One of his boats made it a hundred miles up the Mississippi where it was met by a stunned Siuer de Bienville, the French governor of the region.

Bienville courteously informed the English captain that the river and its valley were already claimed by the King of France. Damn that stipulation in the grant!

And that looked like the end of things for Dr. Coxe and his dream of an American colony.

Fast forward nearly three centuries, to the mid 1980s.

The Houston Fire Department wanted to expand a maintenance building near Buffalo Bayou, just outside of downtown.

They uncovered a whole lot of graves dating back to the Civil War era. Not entirely unexpected. People knew that area had been the old City Cemetery. The graves were supposedly moved in the 1920s to make way for progress, but sometimes they just moved the stones.

Dr. Kenneth Brown, archaeologist at the University of Houston, was called in to investigate. What he found amazed him.

Among the 19th century graves he found nearly sixty “black earth burials”. That means the body was wrapped in a shroud and buried without a coffin with organic material piled atop to hasten decay. All were buried with the feet to the East.
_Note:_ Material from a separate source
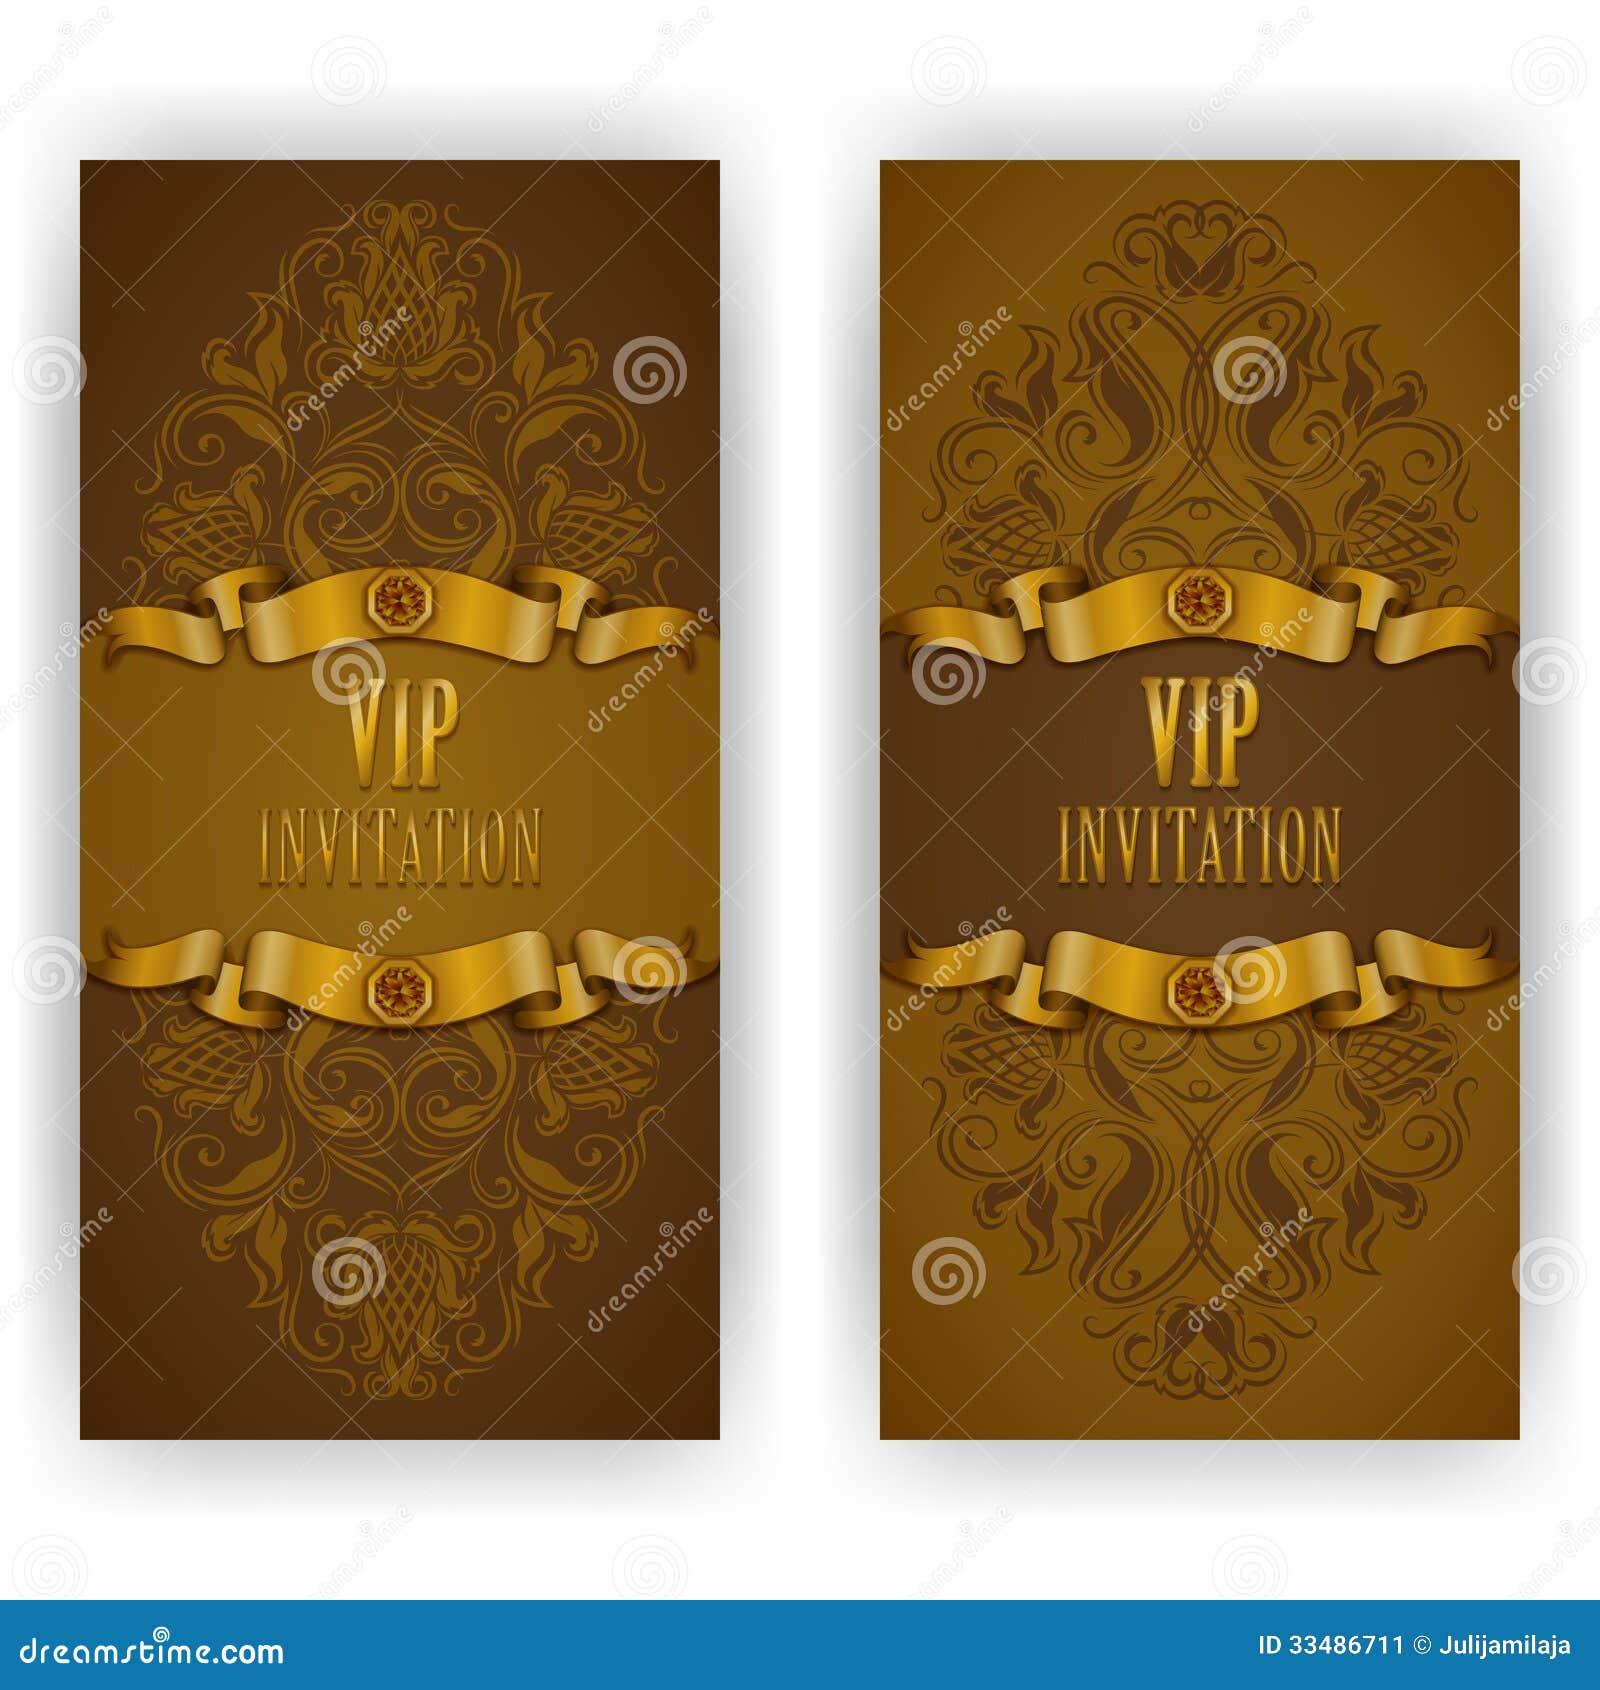 elegant template for vip luxury invitation stock image image 33486711. Black Bedroom Furniture Sets. Home Design Ideas

Only one group of people ever buried their dead in this manner: the English. The City of London in 1563 mandated this form of burial for persons who died of disease. It was supposed to stop the spread of disease which was thought to be caused by fumes arising from the deceased.

Ceramic sherds and tobacco pipes found in these graves date from the 1600’s and are typical of those used in English colonies of that period. Not only that, there had one time been a ten foot moat surrounding the area, and evidence of structures built in the English manner was found.

There is certainly more research to be done, but the evidence looks pretty clear: there was a seventh flag that flew over Texas.

Old News

March 30, 1859 - The first meeting of locomotives in Texas.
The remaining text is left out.